WORK TO COMPLETE: Write the data out in full and word for word. Do not include images.

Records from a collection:
=== Begin Enclosure ===

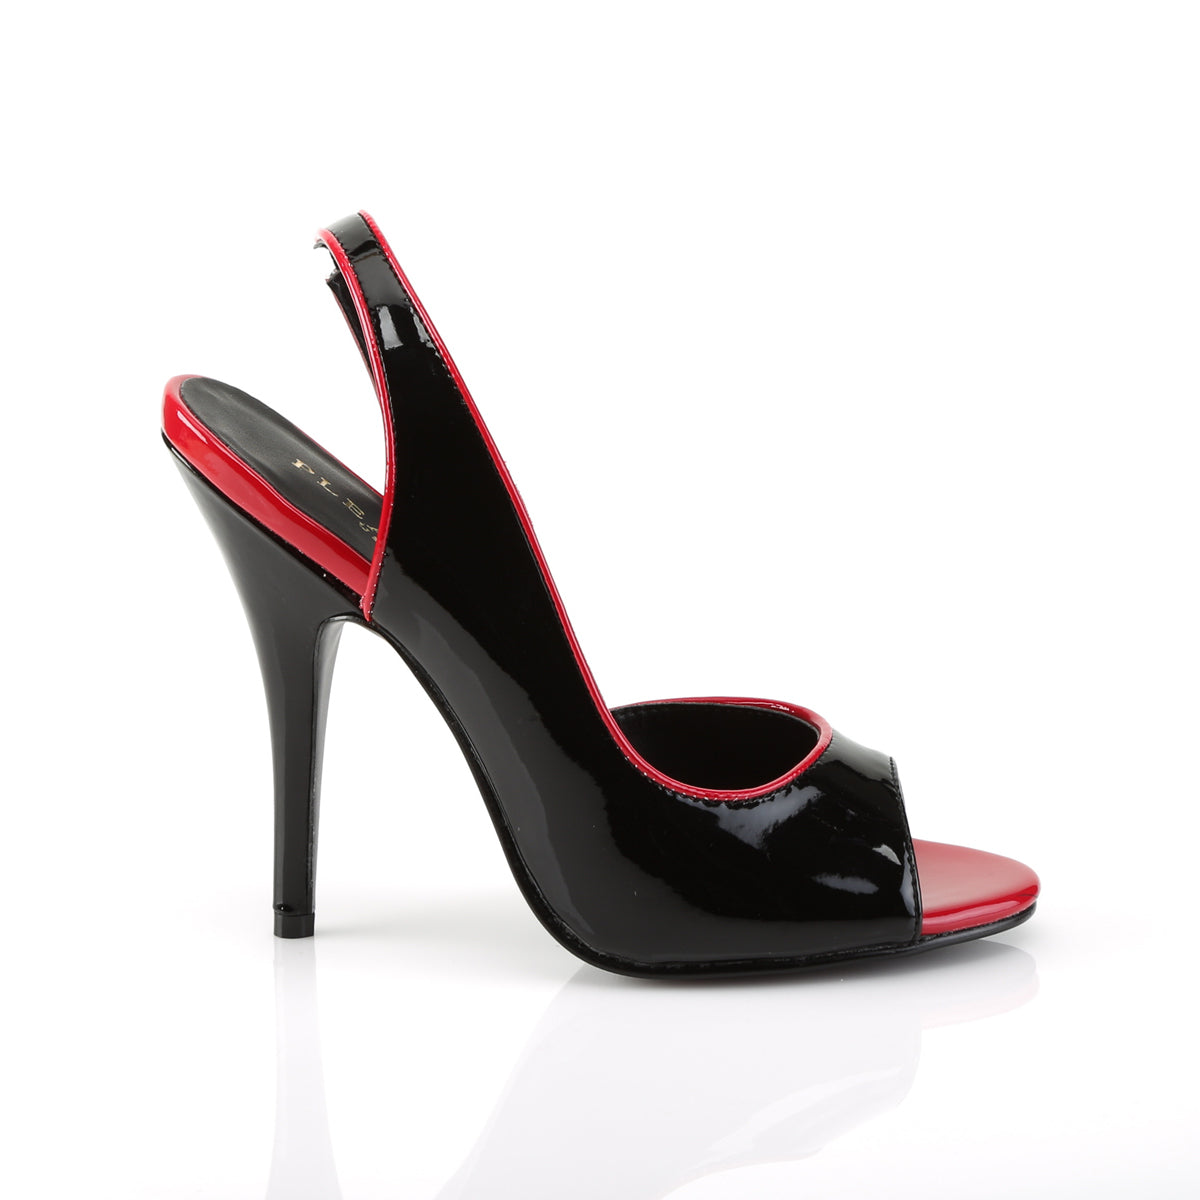 SEDUCE-117 Pleaser 5 Inch Heel Black and Red Fetish Footwear-Pleaser- Sexy Shoes Fetish Heels
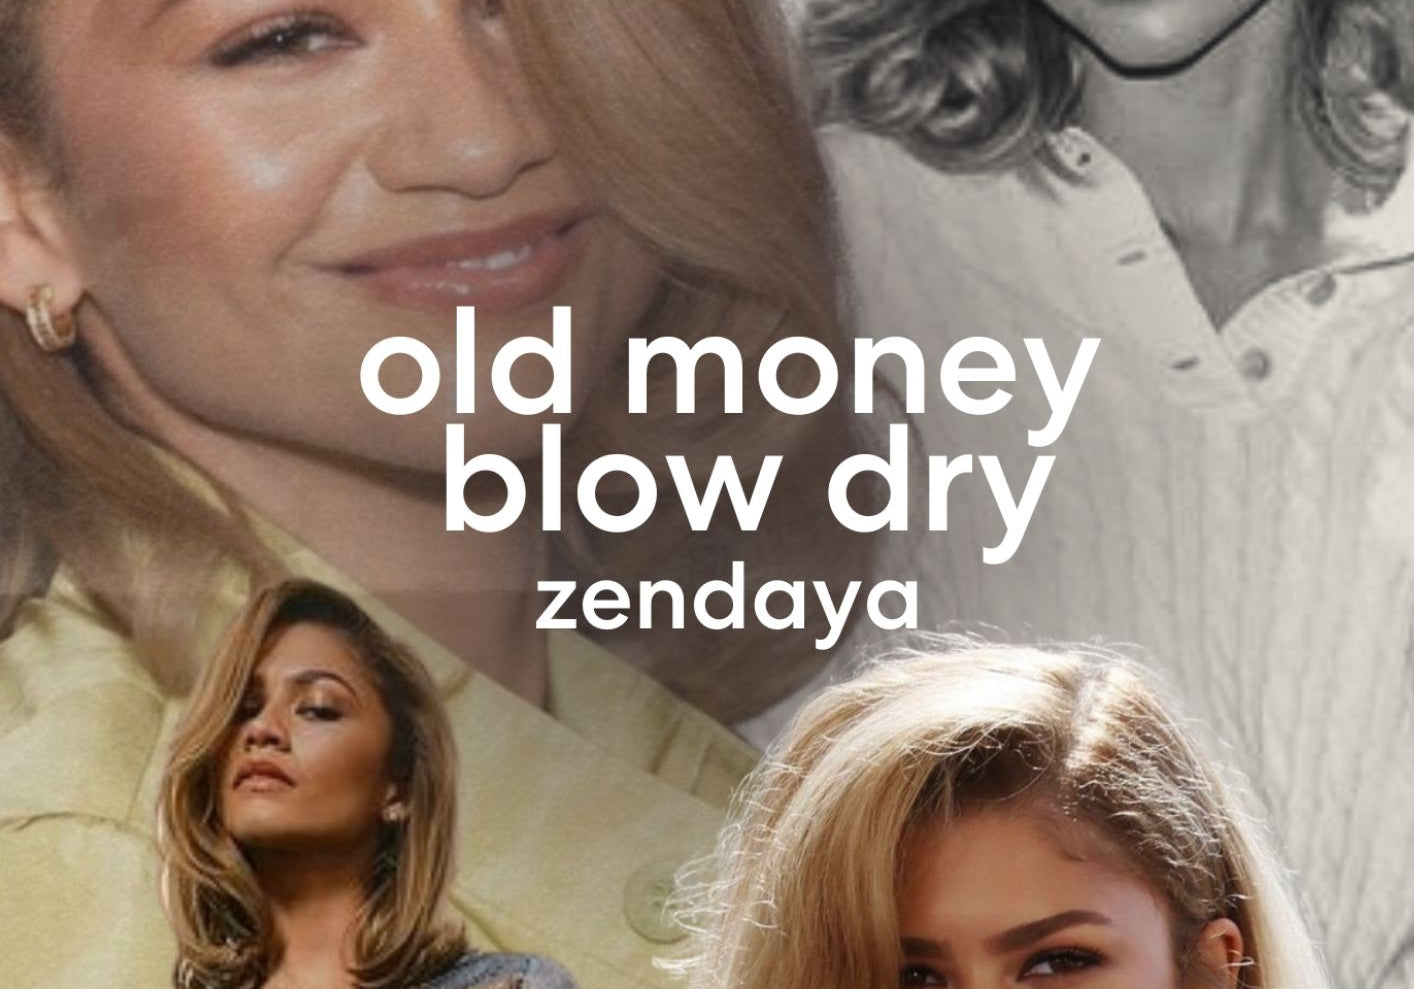 Zendaya’s Old Money blowdry is everything
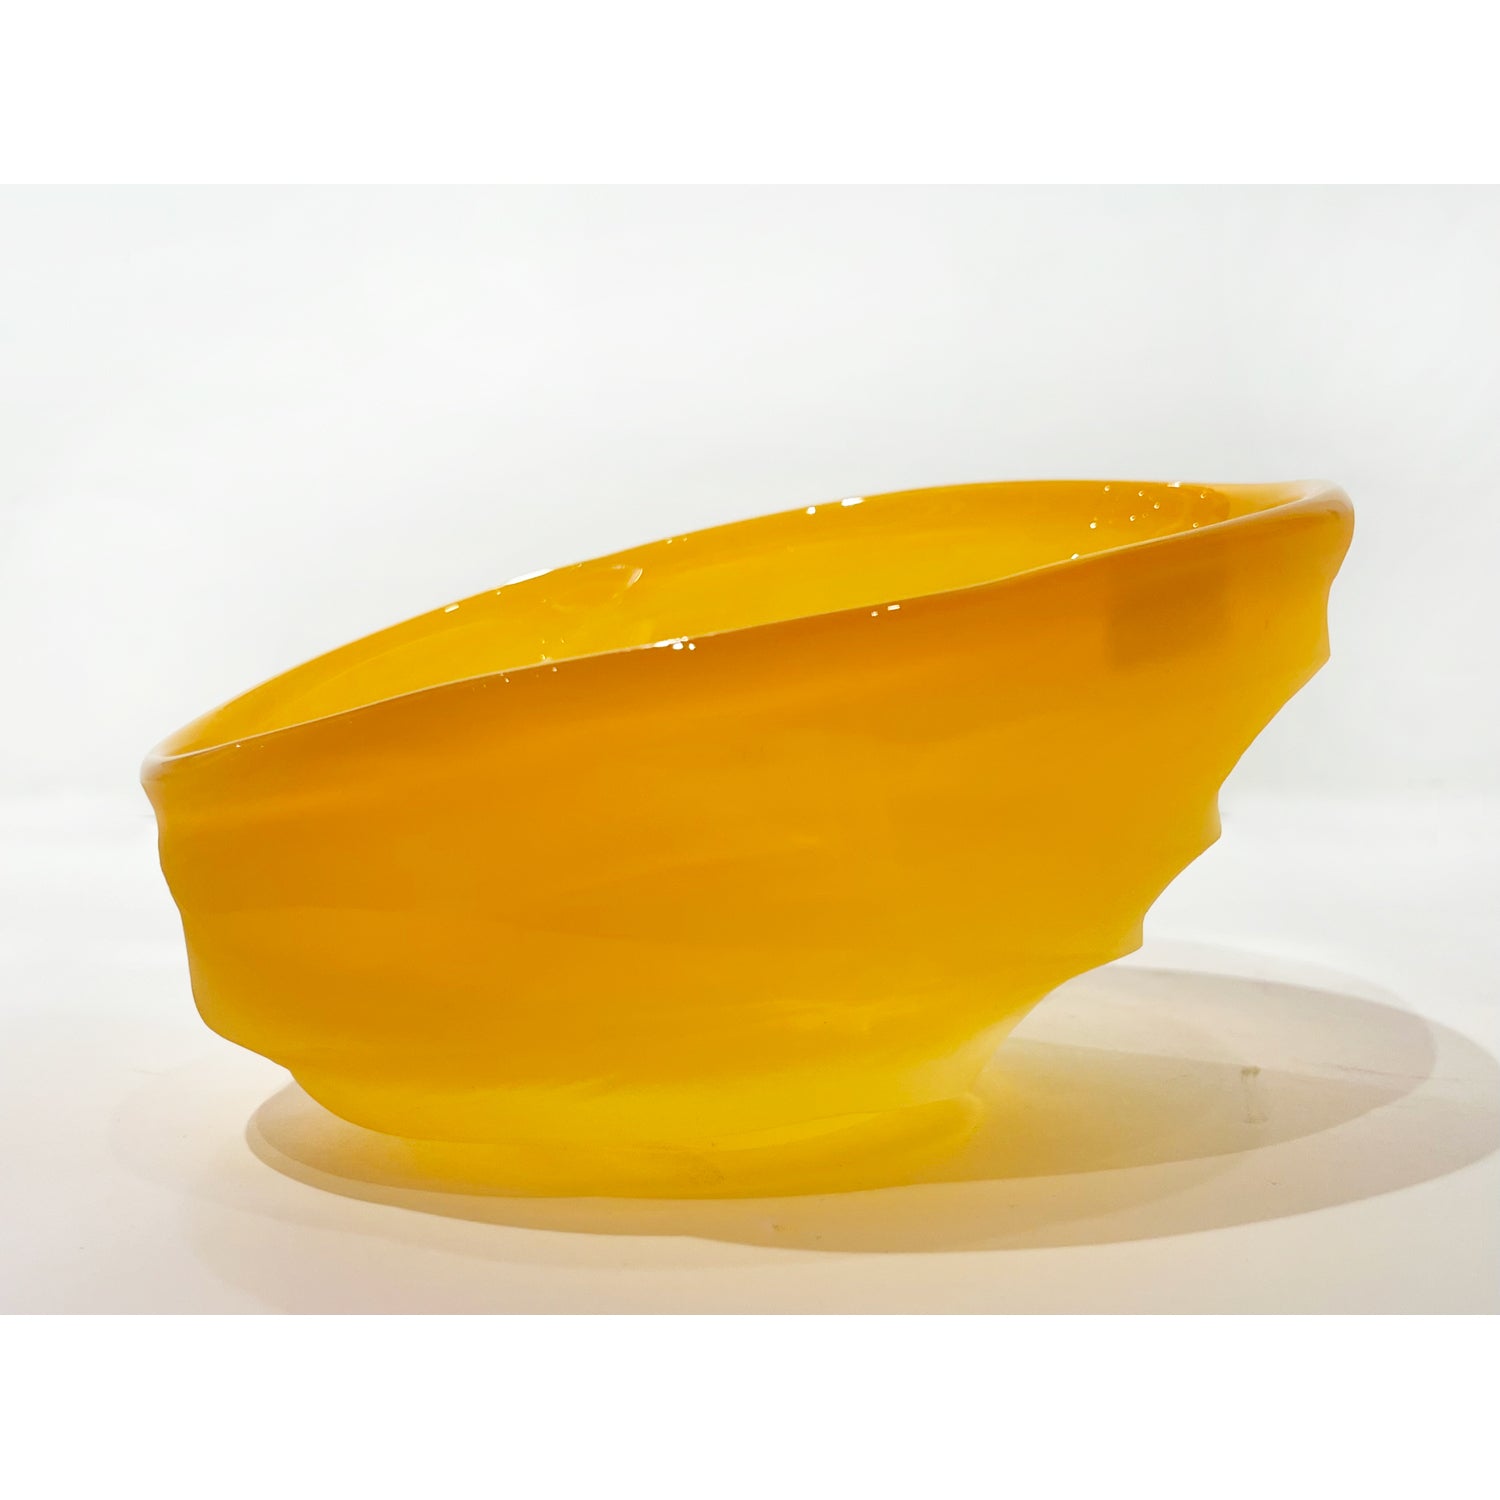 Brad Copping - Brilliant Yellow Undula Bowl, 4" x 7" x 6"
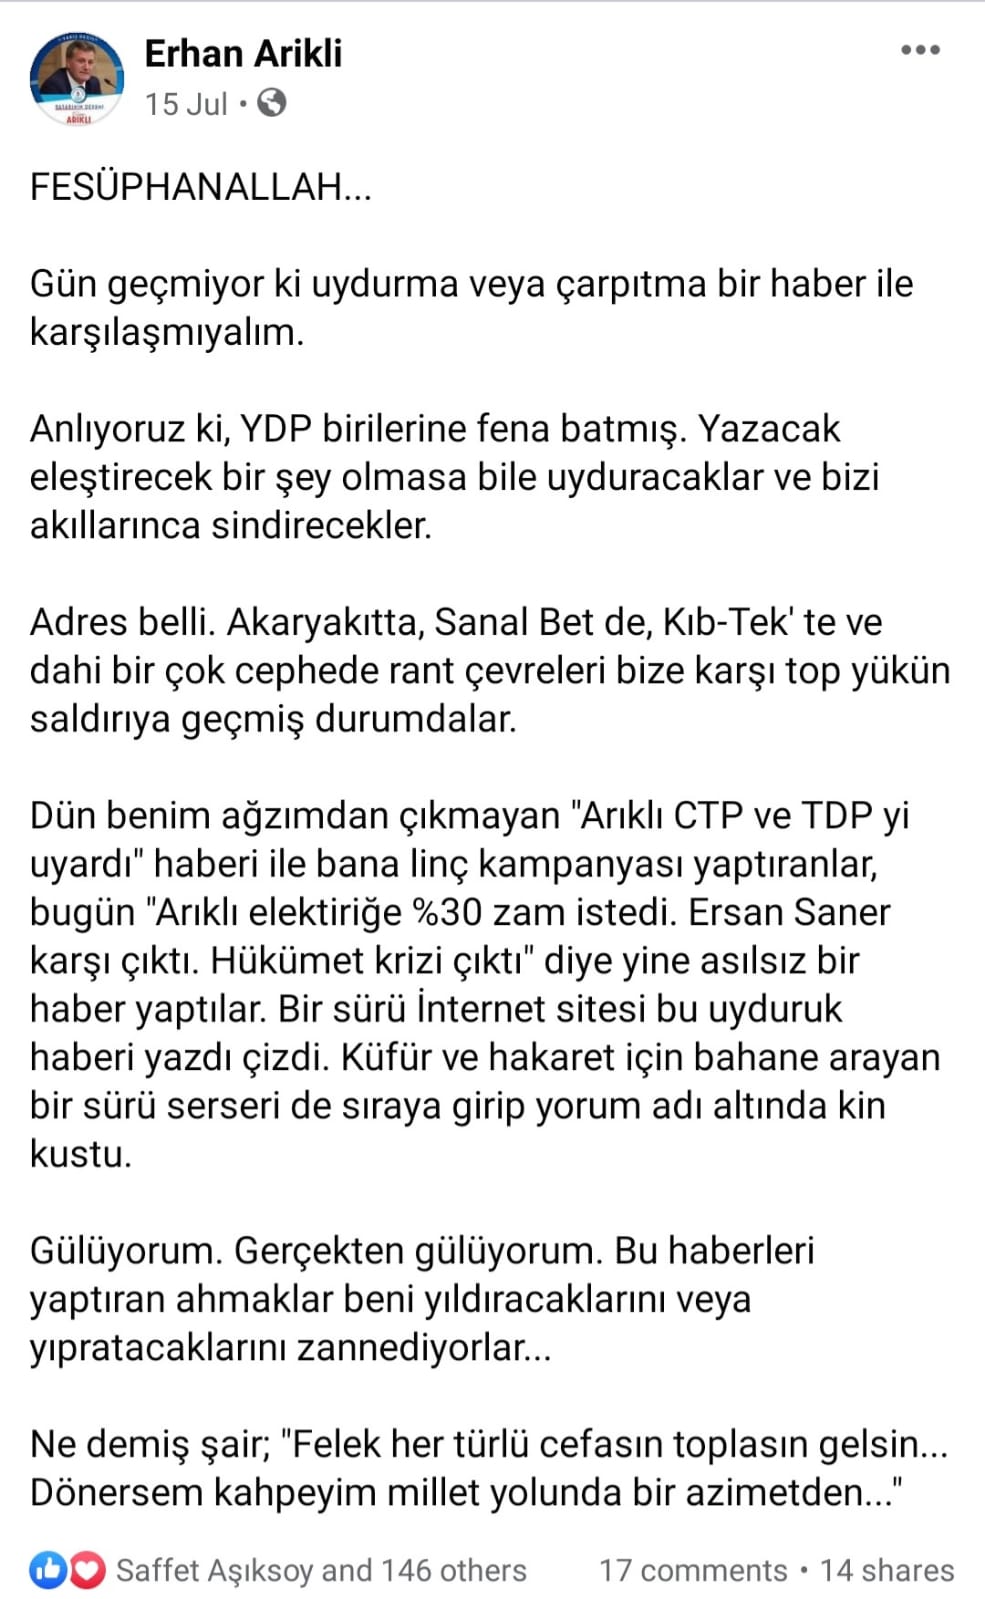 ozgur_gazete_kibris_arikli_kib_tek_zam
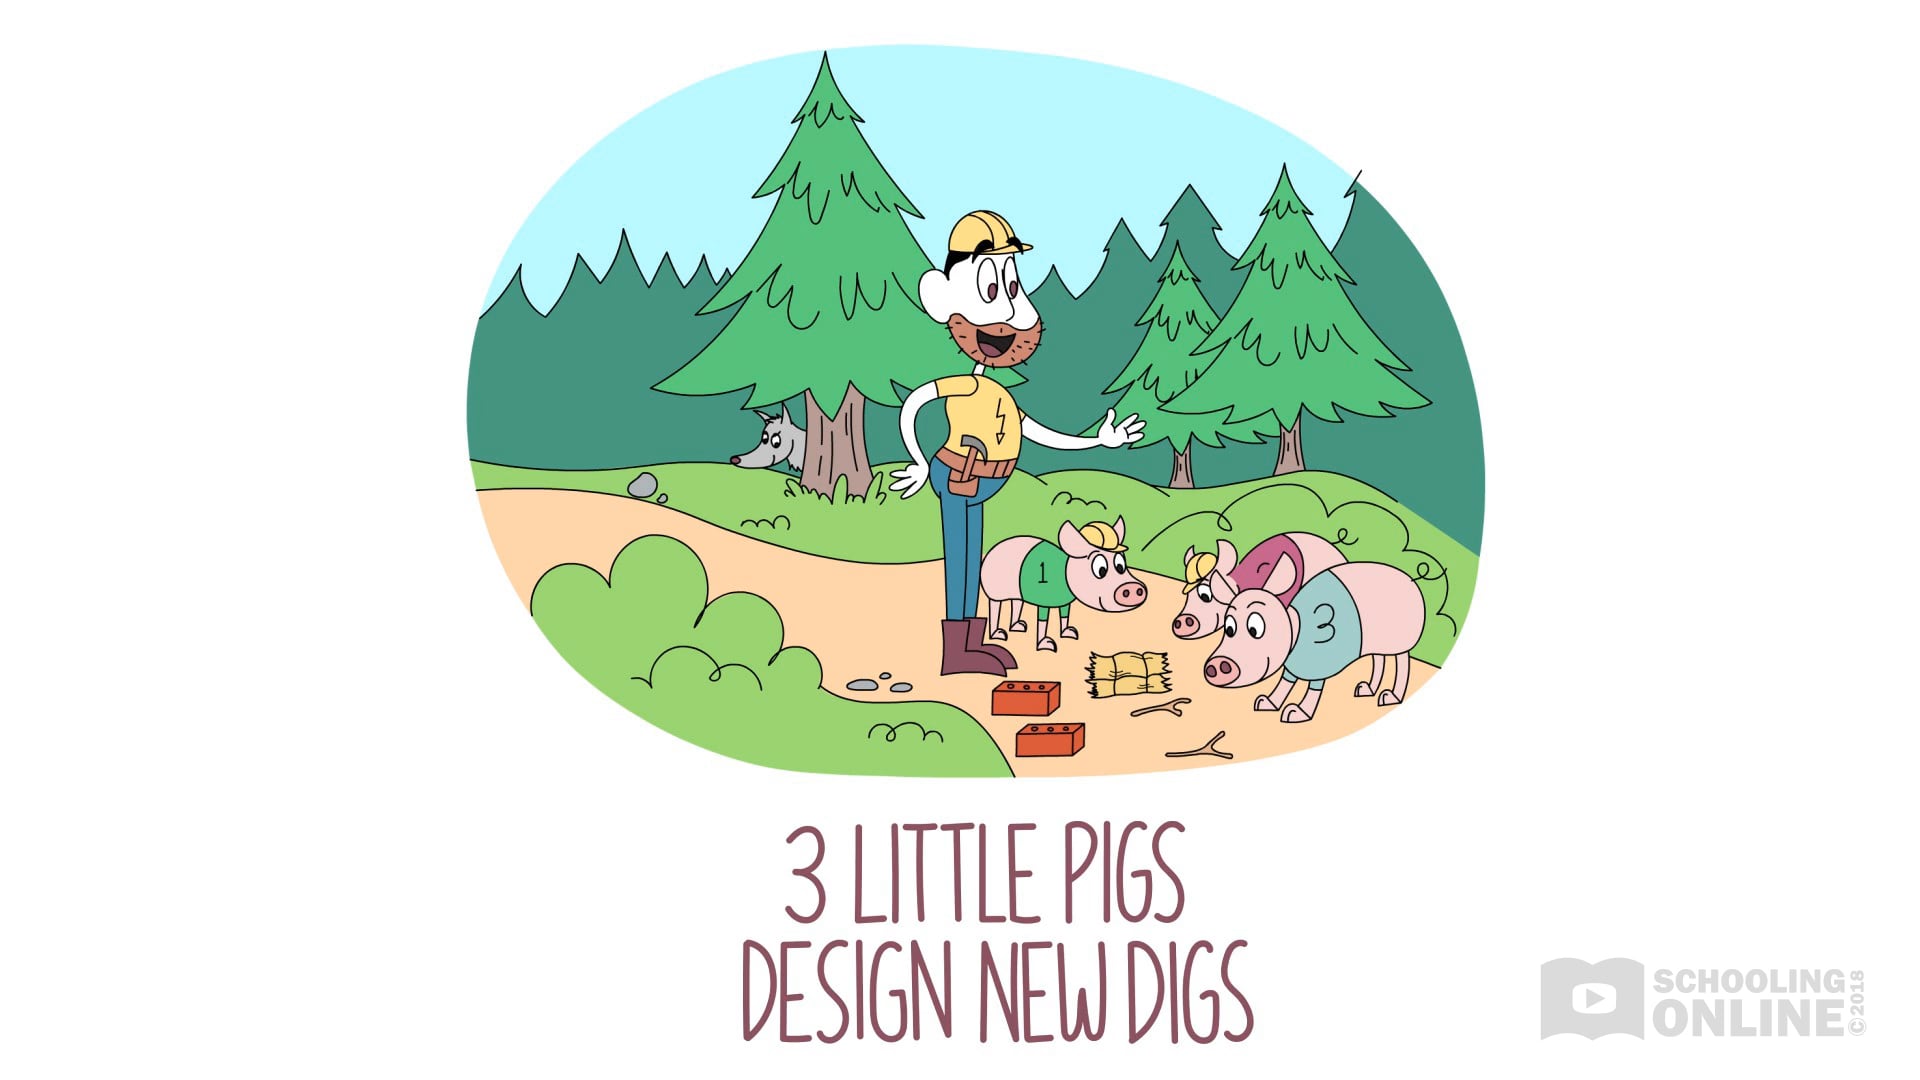 Material World 3 - 3 Little Pigs Design New Digs

=== End Enclosure ===

SOLUTION TO THE PROBLEM:
 SEDUCE-117 Pleaser 5 Inch Heel Black and Red Fetish Footwear-Pleaser- Sexy Shoes Fetish Heels
 Zendaya’s Old Money blowdry is everything
 Brad Copping - Brilliant Yellow Undula Bowl, 4" x 7" x 6"
 ozgur_gazete_kibris_arikli_kib_tek_zam
 Material World 3 - 3 Little Pigs Design New Digs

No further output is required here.